Politics, Legislation, Election Notes
Democrats promote their legislation. Whoop de dam do, as Biden hits the promotional trail to Michigan touting the potential benefits of the infrastructure bills now currently in a Manchin and Sinema logjam. Gotta realize, it’s hard to promote something when you don’t know what that something is, exactly. Can’t help most Americans from thinking “let’s wait and see” with just about everything that has to do with politics. Worst outcome politically: The Democrats pass infrastructure bills that help people that are essentially invisible. Democrats remain terrible at systematically dramatizing their accomplishments.

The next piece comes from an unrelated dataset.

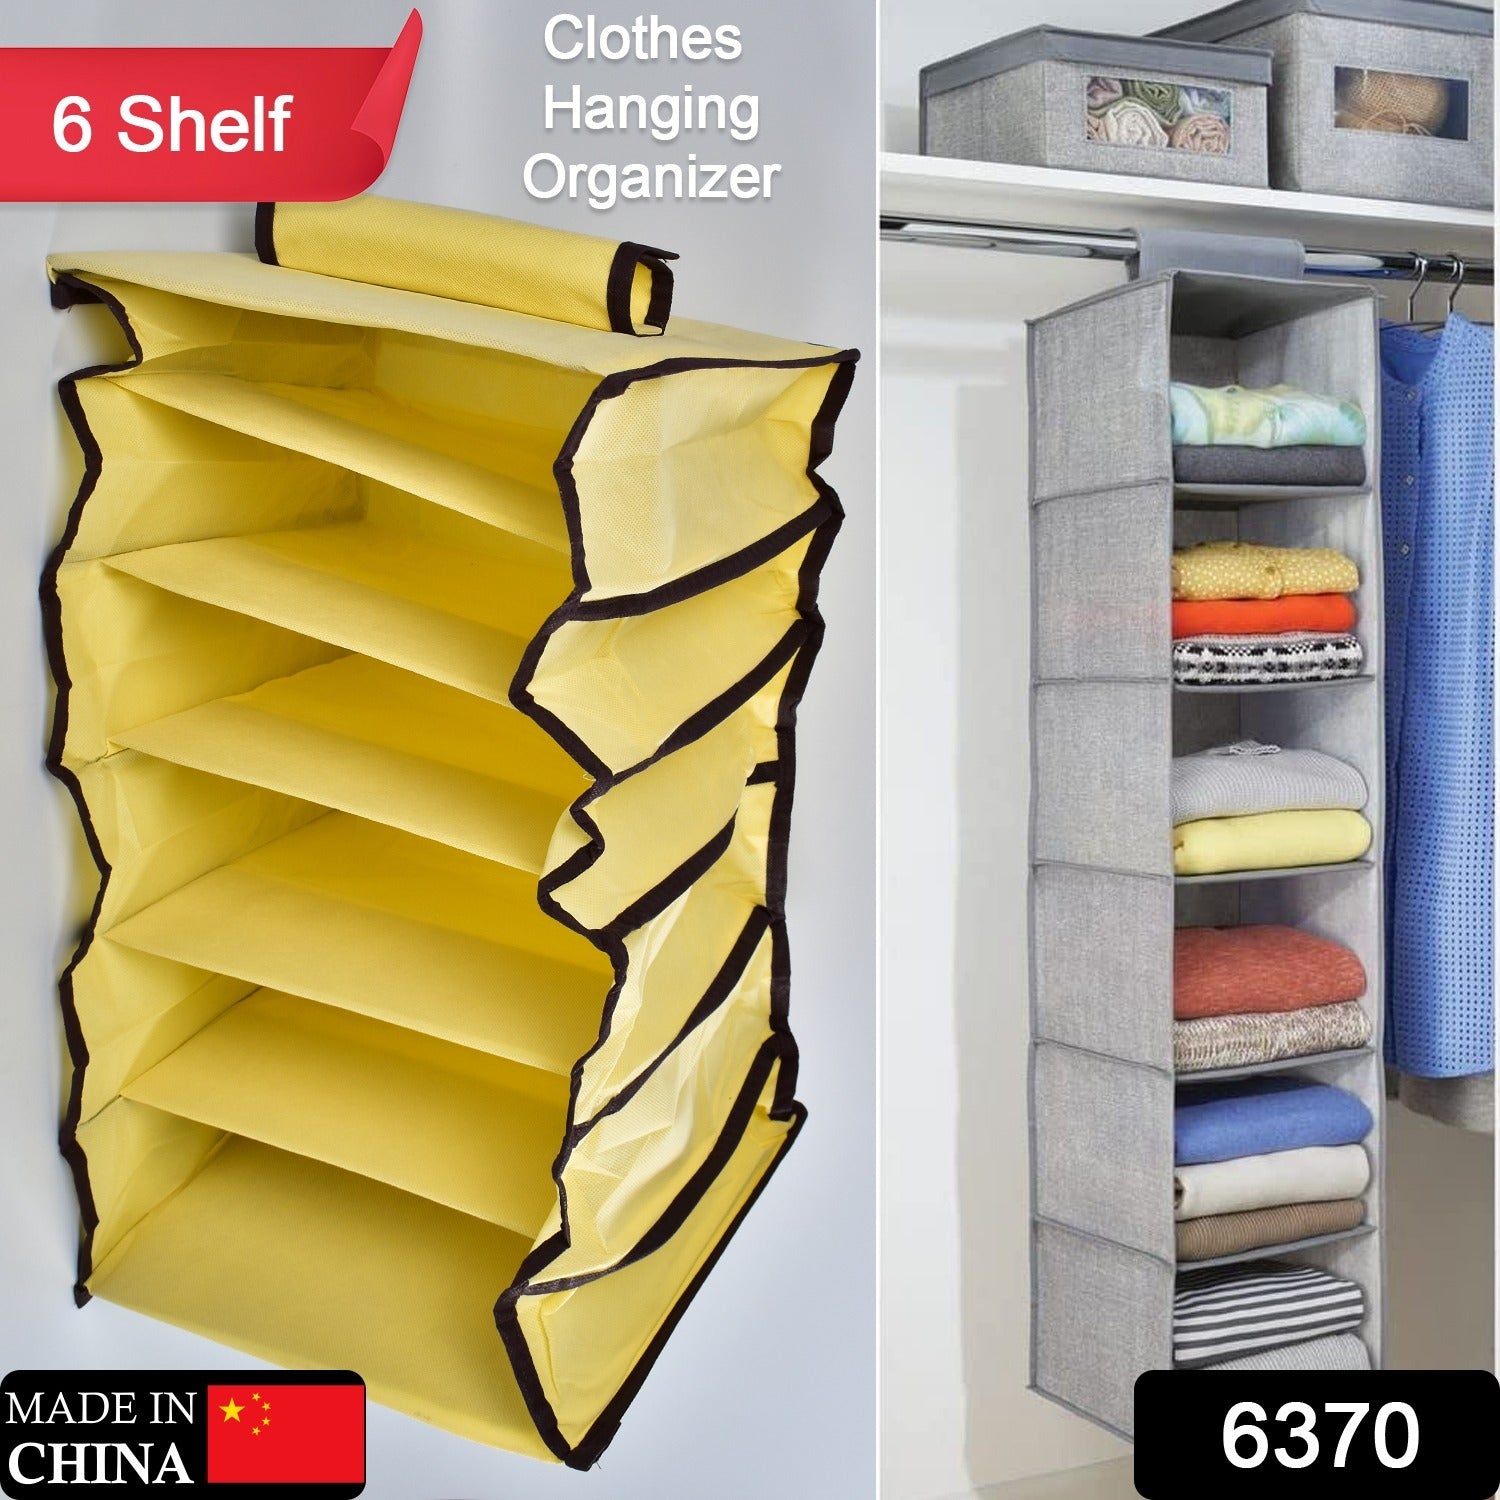 6370  6 Shelf Hanging Closet Organizer, Space Saver, Sweater & Clothing Shelves, Breathable Material Keeps Away Dust & Odors,

Pinned Point: Until the filibuster rules are modified, most of the Biden agenda will not pass the Senate.
Quote of the Week
America’s 50,000 Monuments: More Mermaids than Congresswomen, More Confederates than Abolitionists
Headline, The Washington Post, 10/06/2021.
[The IUY Weekly Journal assumes readers are at least casually familiar with names and events. For more details, check with internet search.]